Think about the other side – think about the things that might have made them jaded and cynical. They had been insulted, slandered, gossiped about. They had been put down and put out and beaten within an inch of their lives. Humanly speaking, things had gone horribly wrong. Later, Paul was to write a commentary on his experiences. He wrote this: “We are afflicted in every way, but not crushed; perplexed, but not driven to despair; persecuted, but not forsaken; struck down, but not destroyed” (2 Corinthians 4:8–9).
But why? Why, after all that terrible stuff happened, did they stay so upbeat?
I have two answers. One is the story of what was going on inside them. The other is the Big Story of what God was doing with them.
And through them.
And, of course, the two stories are really one. It’s all part of the same thing. What was going on inside them was the story of walking with Jesus, knowing Him, loving Him and letting His words dwell in them richly; it was the story of Pentecost, imbibing His Spirit and speaking and acting in His strength and presence. Oh, the sheer hilarity of seeing someone healed or forgiven, and the whole world tilting on its axis with the joy of it!. Luke 10:17 records the return from another mission trip: “The seventy-two returned with joy and said, “Lord, even the demons submit to us in your name.”
The name. “In your name.” That phrase tells of intimacy and relationship.
TemitOpe Ibrahim said: “Intimacy with GOD is most exhilarating, most amazing, most exciting and most rewarding of all.”
And all this was going on inside them. It was entirely, satisfyingly, personal. The apostle John described it as an experience: “which we have heard, which we have seen with our eyes, which we have looked at and our hands have touched—this we proclaim concerning the Word of life. The life appeared; we have seen it and testify to it, and we proclaim to you the eternal life, which was with the Father and has appeared to us. ” (1 John 1: 1-2).
Us! We have seen and known God ourselves!
But there was something else. It was seeing what God was doing in the world and being part of it. God had “opened a door of faith to the Gentiles” and they were seeing outsiders flooding into relationship with Israel’s God. It was thrilling and brand new. It was something astonishing and it was happening in front of them. Paul understood it through the prophet Habakkuk 1:5: “I am going to do something in your days that you would never believe, even if someone told you.” They could barely believe it themselves and they couldn’t contain the excitement of seeing God in action.
Do you recall that moment when Elizabeth met Mary? These two pregnant women who had experienced God in powerful action in the most intimate, personal way, meet, and, as Luke records: “When Elizabeth heard Mary’s greeting, the baby leaped in her womb, and Elizabeth was filled with the Holy Spirit.” (Luke 1: 41) The door of faith had been opened, you see. Both Elizabeth and Mary had experienced God just like John did, or the young believers in the passage above. And, they had also experienced that sense that this completely personal experience was part of God’s moving in the world in redemptive power.

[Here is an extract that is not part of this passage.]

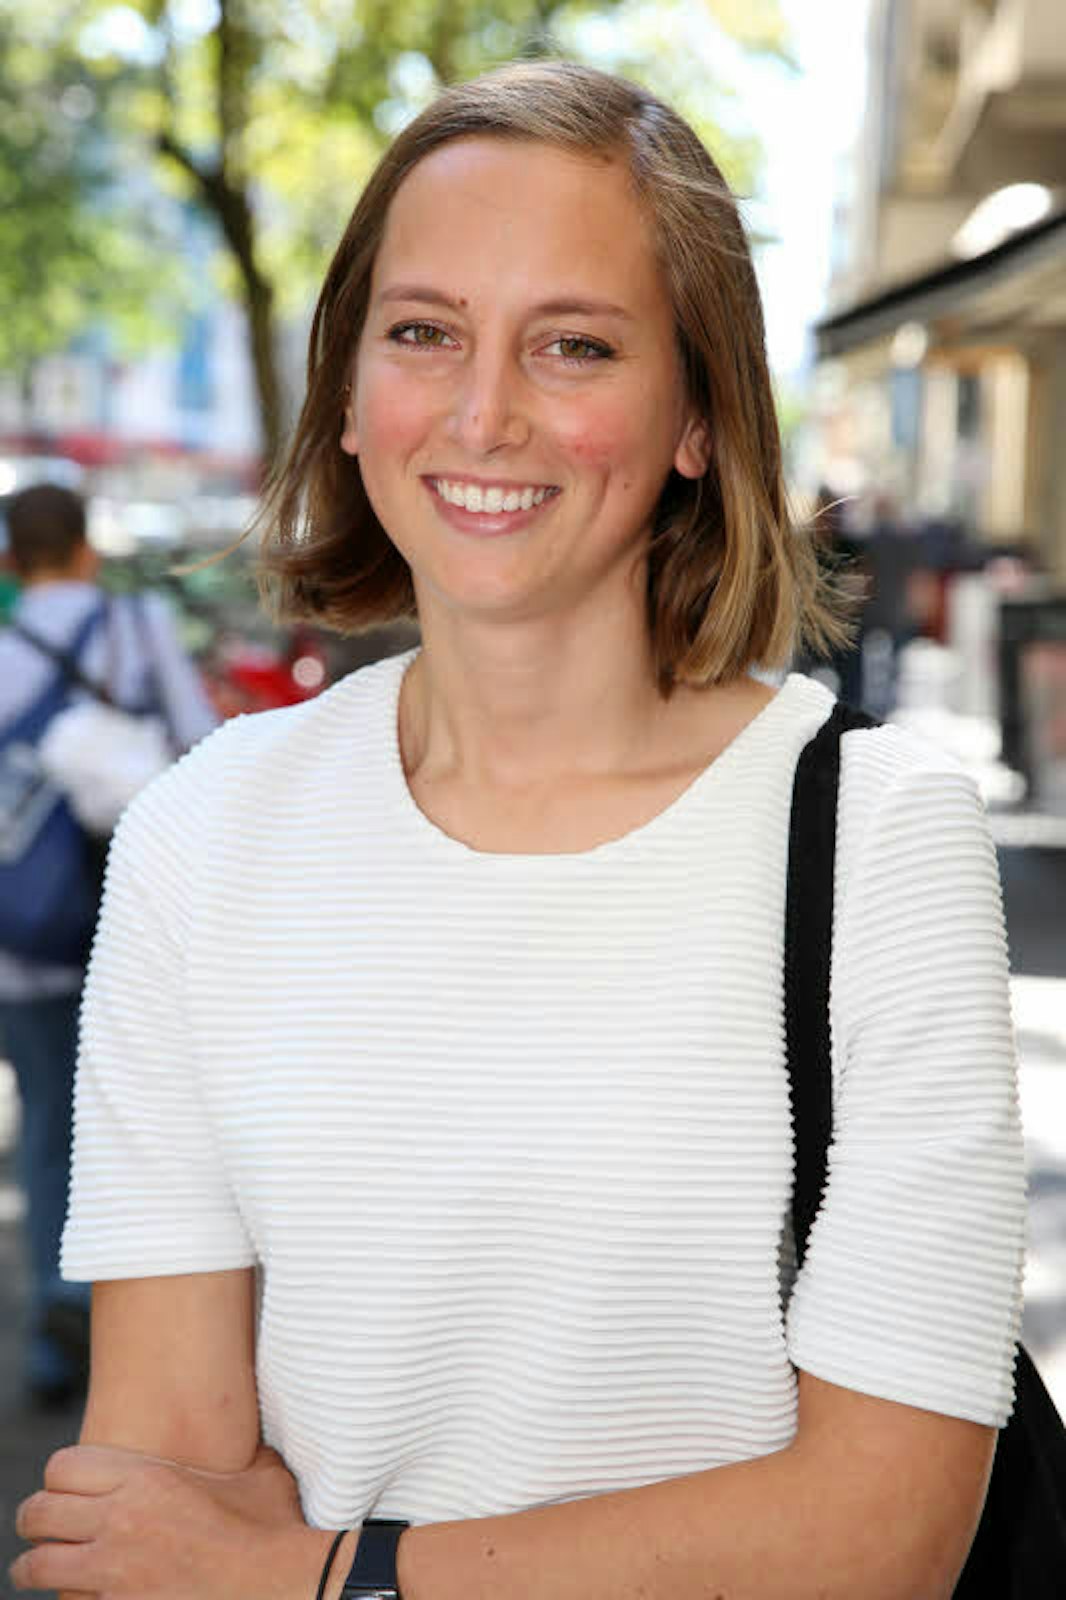 Johanna Stapf, 26

It was like that Narnia moment, hearing the words: “Aslan is on the move!”
And the baby kicked ! Israelmore Ayivor said, “When you are happy for other people’s dreams, your dreams start jumping up with joy. Elizabeth was happy with Mary and her dream baby was jumping in her womb crazily for joy!”
When that “door of faith” opens, then you are invited into a larger place. It’s what a friend of mine calls “the possibility arena.” God is moving -and anything is possible! Paul referred to the “door of faith” in a wonderful passage in Romans 5:2 to which I constantly return: “We have gained access by faith into this grace in which we now stand. And we boast in the hope of the glory of God. ”
The door has been opened and we have gained access, and the baby of promise is kicking within us in sheer pleasure at what God is about to do. It’s all about us and it’s all about Him simultaneously . As John Piper put it, memorably: “God Is Most Glorified in Us When We Are Most Satisfied in Him.”